Joined Leo in early 1960. Did a few ‘odd jobs’ for Leo ll. In summer was told that I was to lead a small team writing an Intercode Translator for Leo lll. My immediate questions were, "What is Intercode?” "What is a Translator?” With a small team created Intercode translator. Working closely with Master routine (MR) had Translator and its MR interface working in 1961.

Moved to CLEO compiler in 1962 with a larger team.

In 1963 on spent more time accompanying consultants to answer/explain to prospects how Leo software worked.

In 1964 IBM announced 360. Moved to team designing ‘new range’. Abandonment of ‘new range’, after ‘deal’ with RCA for Spectra series. Worked on System 4 and software support until moving to Canada in 1969.

Two points raised I think I can provide comments on.
1. Why CLEO rather than COBOL? This will go down in the annals of LEO history as one of the great internal debates. (I was not party to it). In the red corner we had the proponents of CLEO (Clear Language for Expressing Orders) It was a clearer language than COBOL. It sought to combine the facilities of COBOL AND FORTRAN in the requirements it addressed. And perhaps most importantly it was the brainchild of TRT (Thomas Raymond Thompson). In the blue corner we had the proponents of COBOL led by DTC (David Caminer). It was an already accepted high level language. This meant that it would be easier for a company that had COBOL programs to convert from another machine to a LEO machine. (Far-sighted in that uniform tape standards, programming languages had not yet emerged as a long-term goal).

Anyway the RED corner won by a KO and I was instructed to produce a CLEO compiler, for which I was given a somewhat larger team than had been the case with INTERCODE.

2. Why did the CLEO compiler produce output that was input for the Intercode translator?
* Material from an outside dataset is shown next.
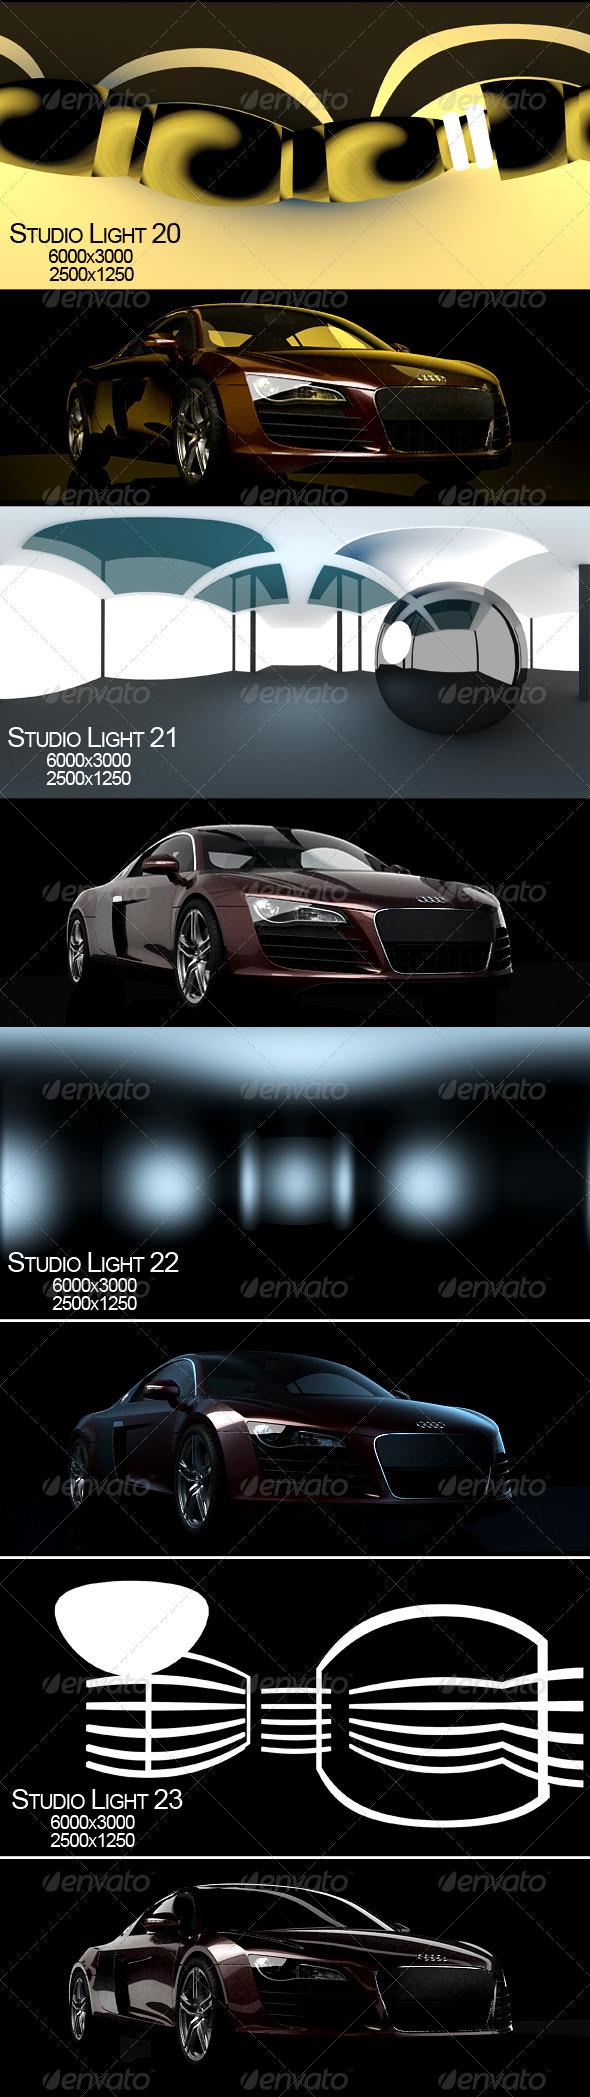 Studio light 6 - 3DOcean Item for Sale

In the initial design stage, the objective was to produce object code ready for handling by the Master Program in the same format as the Intercode Translator; and we had experience of doing this. Inside the team there had been little if any discussion about whether that was the right way to go. Then came the suggestion (from Mike Josephs, I think) that we should go the Intercode route. The argument for going this way was that the CLEO compiler would be ready sooner, both because it would cut down on some of the work that had to be done in earlier passes of the program and because some additional passes would not be required. The argument against was simply that each compile would take longer. I agreed with the Intercode route, on the understanding that we would later be able to amend the compiler to be expanded to incorporate the translator functions. (Of course, this never happened and many members of the team and I were long gone into other roles soon after the Intercode version was working.)

3. High level languages v low level languages and computer road blocks. The pros and cons of this debate have been well versed for many years. What, even now I believe as I swear at my laptop, is an understanding of what is the critical component that slows down the execution of a program. For many years it was the speed of the cpu. In one organisation I became familiar with a critical long running batch program ran every night. The solution was to get faster tape drives. Surprise! the run time of the critical update program did not decrease.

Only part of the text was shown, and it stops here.